Most likely, you have never seen a child with diphtheria or heard the “whoop” of whooping cough (pertussis). While these diseases have almost disappeared because of immunizations, they are still killing children in other countries. It’s important for all parents to remember that children can still be exposed to these diseases by simply flying in an airplane or by visiting a foreign country.

Hepatitis B

Hepatitis B is a serious liver disease caused by a virus. The hepatitis B virus is spread by contact with blood or other body fluids of an infected person. Hepatitis B can enter the blood stream, attack the liver, and cause severe illness – even death.

Infants and children who become infected with the hepatitis B virus are at the highest risk of developing lifelong infection, which often leads to death from liver disease and liver cancer.

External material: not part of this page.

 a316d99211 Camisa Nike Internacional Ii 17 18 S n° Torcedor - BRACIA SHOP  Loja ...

Approximately 25 percent of children who become infected with lifelong hepatitis B virus die of related liver disease as adults.

Source: Centers for Disease Control & Prevention

Diphtheria

Given as Diphtheria, Tetanus, Acellular Pertussis — DTaP

Diphtheria is a serious disease caused by poison produced from the bacteria. It frequently causes heart and nerve problems. The death rate is 5 percent to 10 percent, with higher rates (up to 20 percent) in the very young.

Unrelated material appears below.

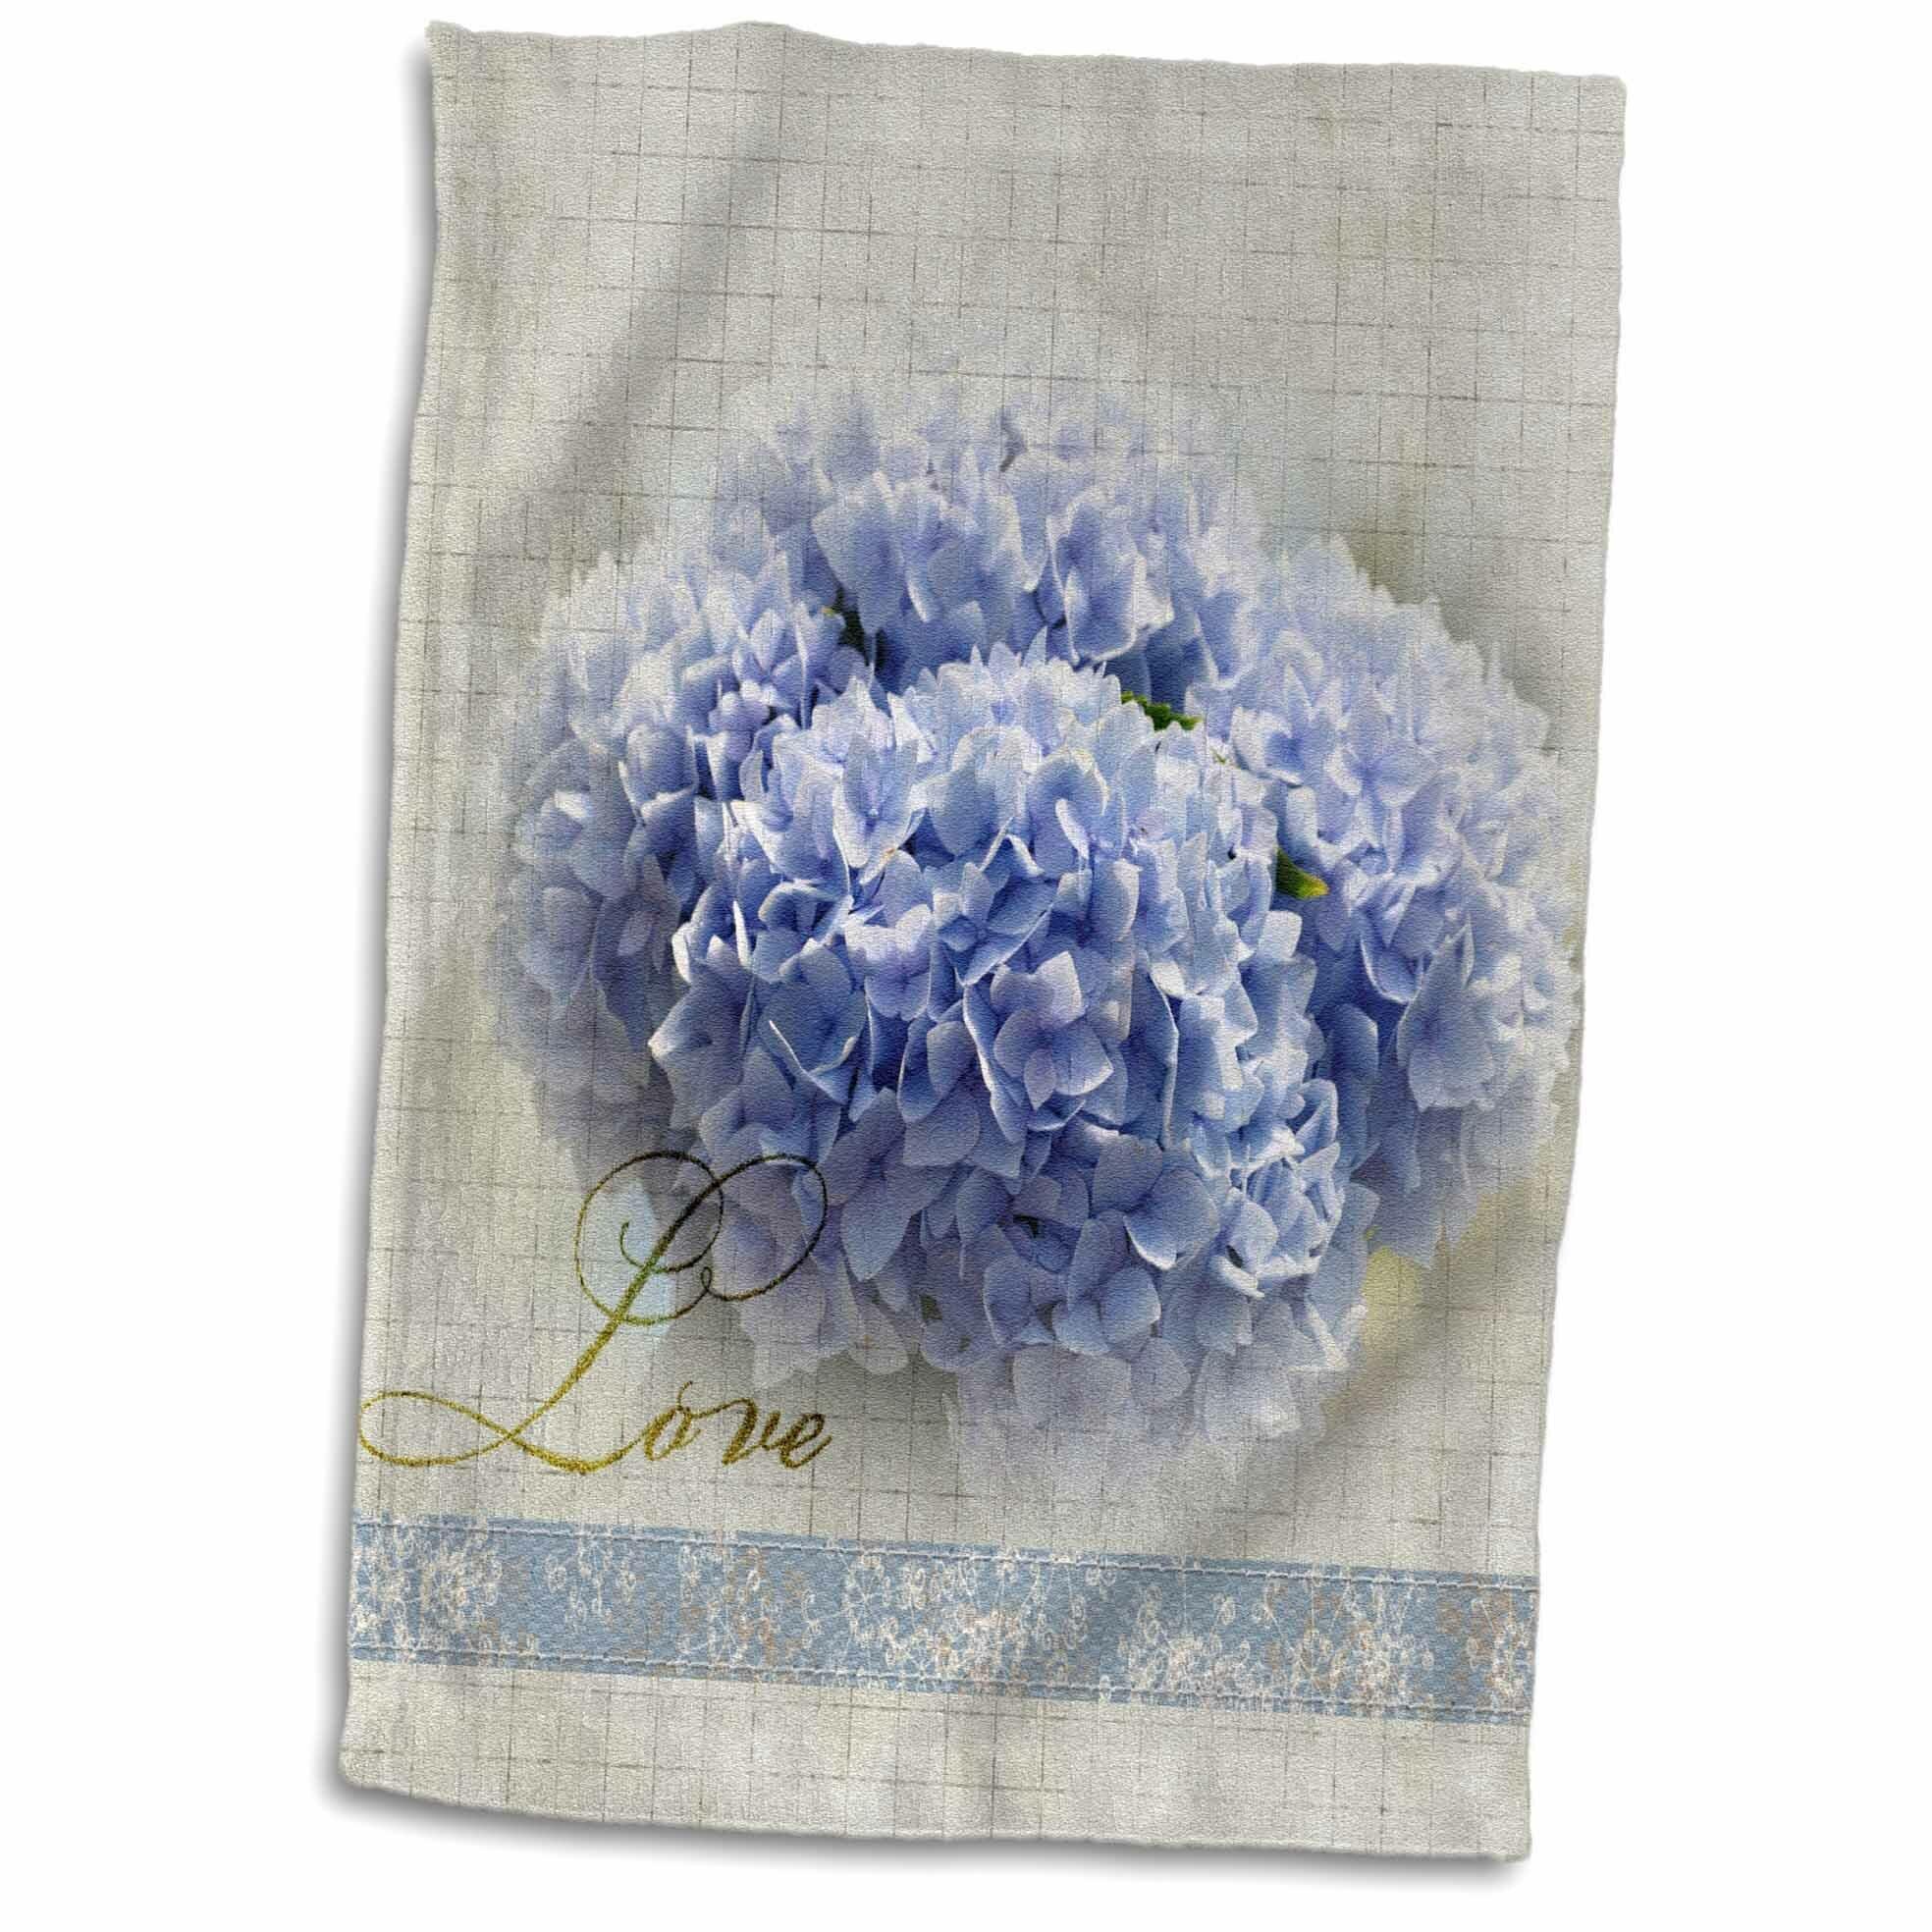 Symple Stuff Merkel Hydrangea Flowers Hand Towel Wayfair

In the 1920s, diphtheria was a major cause of illness and death for children in the United States. Although diphtheria is rare in the United States, it is still a threat. Diphtheria is common in other parts of the world.

Source: Centers for Disease Control & Prevention

Pertussis

Given as Diphtheria, Tetanus, Acellular Pertussis — DTaP

Pertussis (whooping cough) is most severe during the first year of life. Even in older children, it can cause prolonged coughing spells that last for many weeks. These spells make eating, drinking, and breathing difficult. When the coughing spells cause vomiting, infants lose weight and become dehydrated. Other complications of pertussis include pneumonia, seizures, central nervous system involvement, and rarely death.

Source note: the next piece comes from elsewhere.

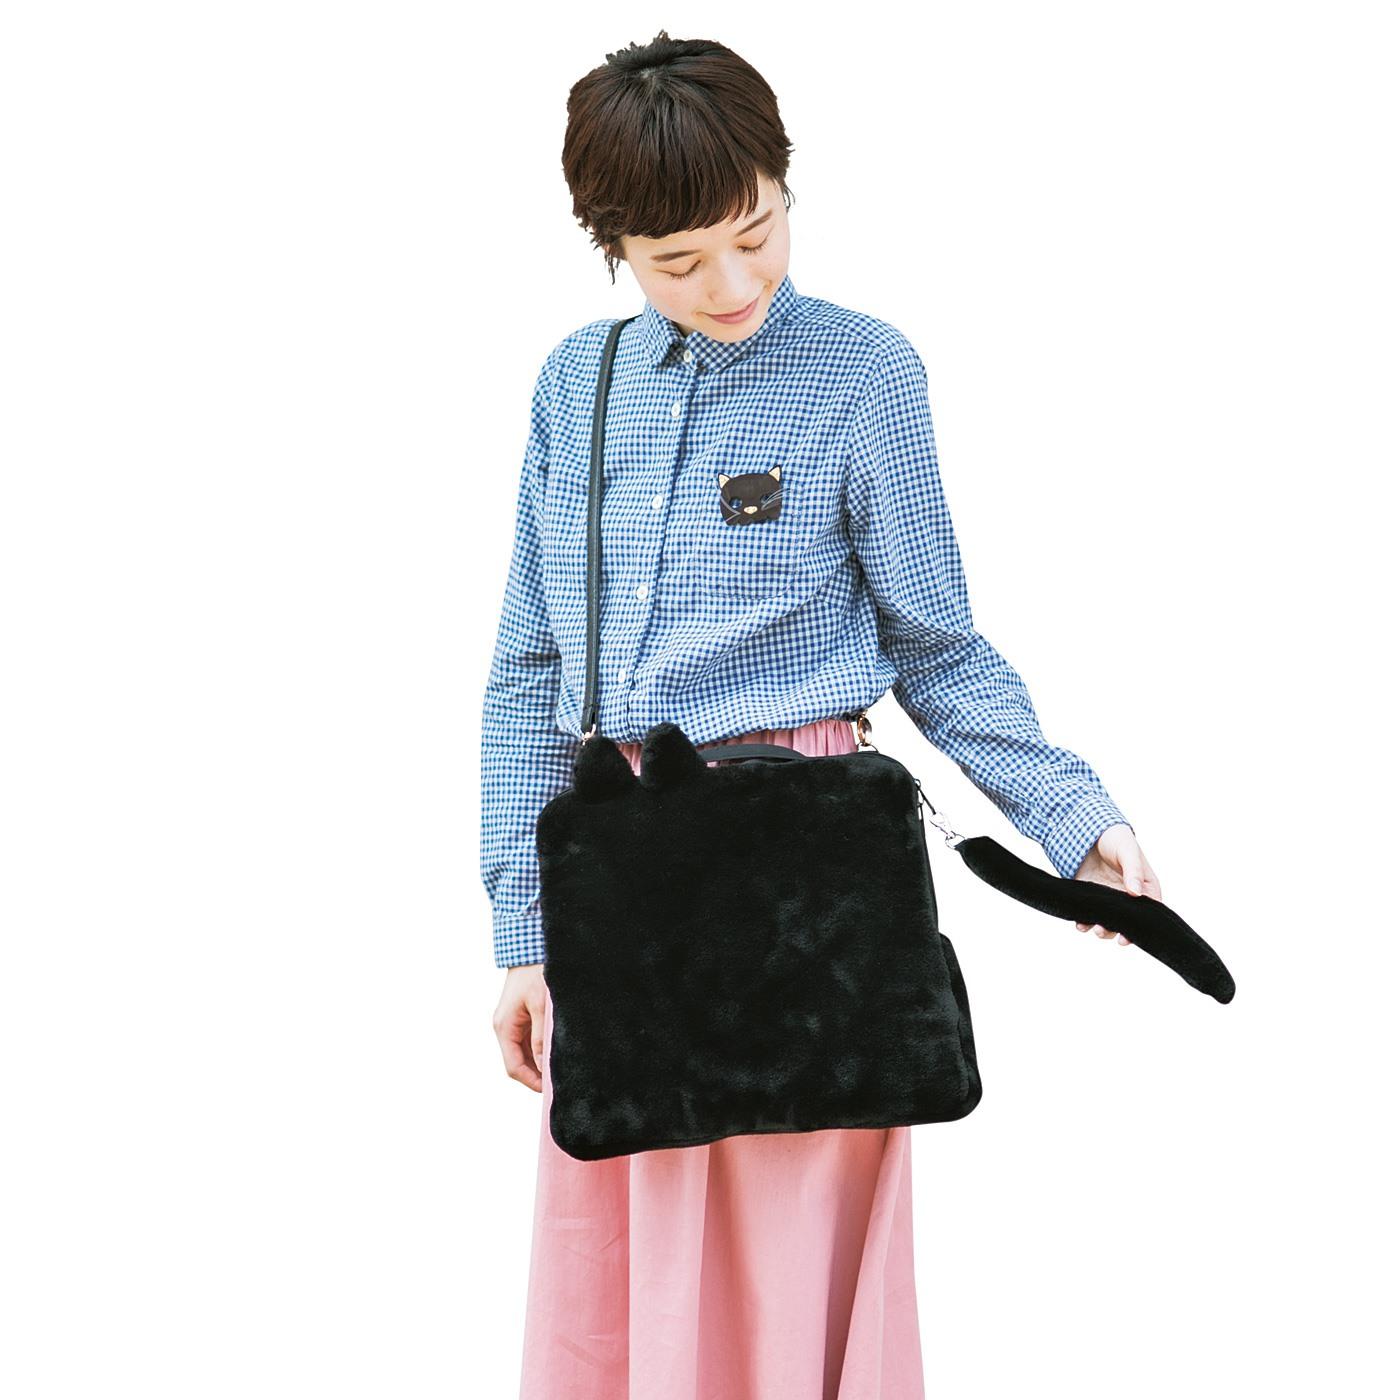 Dカン付きだから、お手持ちのショルダーベルトを取り付けて、ショルダーバッグとしても使えます。

Source: Centers for Disease Control & Prevention

Tetanus

Given as Diphtheria, Tetanus, Acellular Pertussis — DTaP

Tetanus is a severe, often fatal disease. The bacteria that cause tetanus are widely distributed in soil and street dust, are found in the waste of many animals, and are resistant to heat and germ-killing cleaners.

People who get tetanus suffer from stiffness and spasms of the muscles. The larynx (windpipe) can close, causing breathing difficulties. Muscle spasms can be so severe that they cause bone fractures. Some people go into a coma and die. Approximately 30 percent of people who develop tetanus die.

Source: Centers for Disease Control & Prevention

Polio

Given as Inactivated Polio Virus – IPV

The polio virus can cause minor infections that heal after a few days or rapidly progressive, serious infections that are complicated by paralysis, permanent physical disability, and even death. Before the polio vaccine was available in the United States, 13,000 to 20,000 cases of paralytic polio occurred each year. These annual epidemics left thousands of victims – mostly children – in braces, crutches, and wheelchairs for life.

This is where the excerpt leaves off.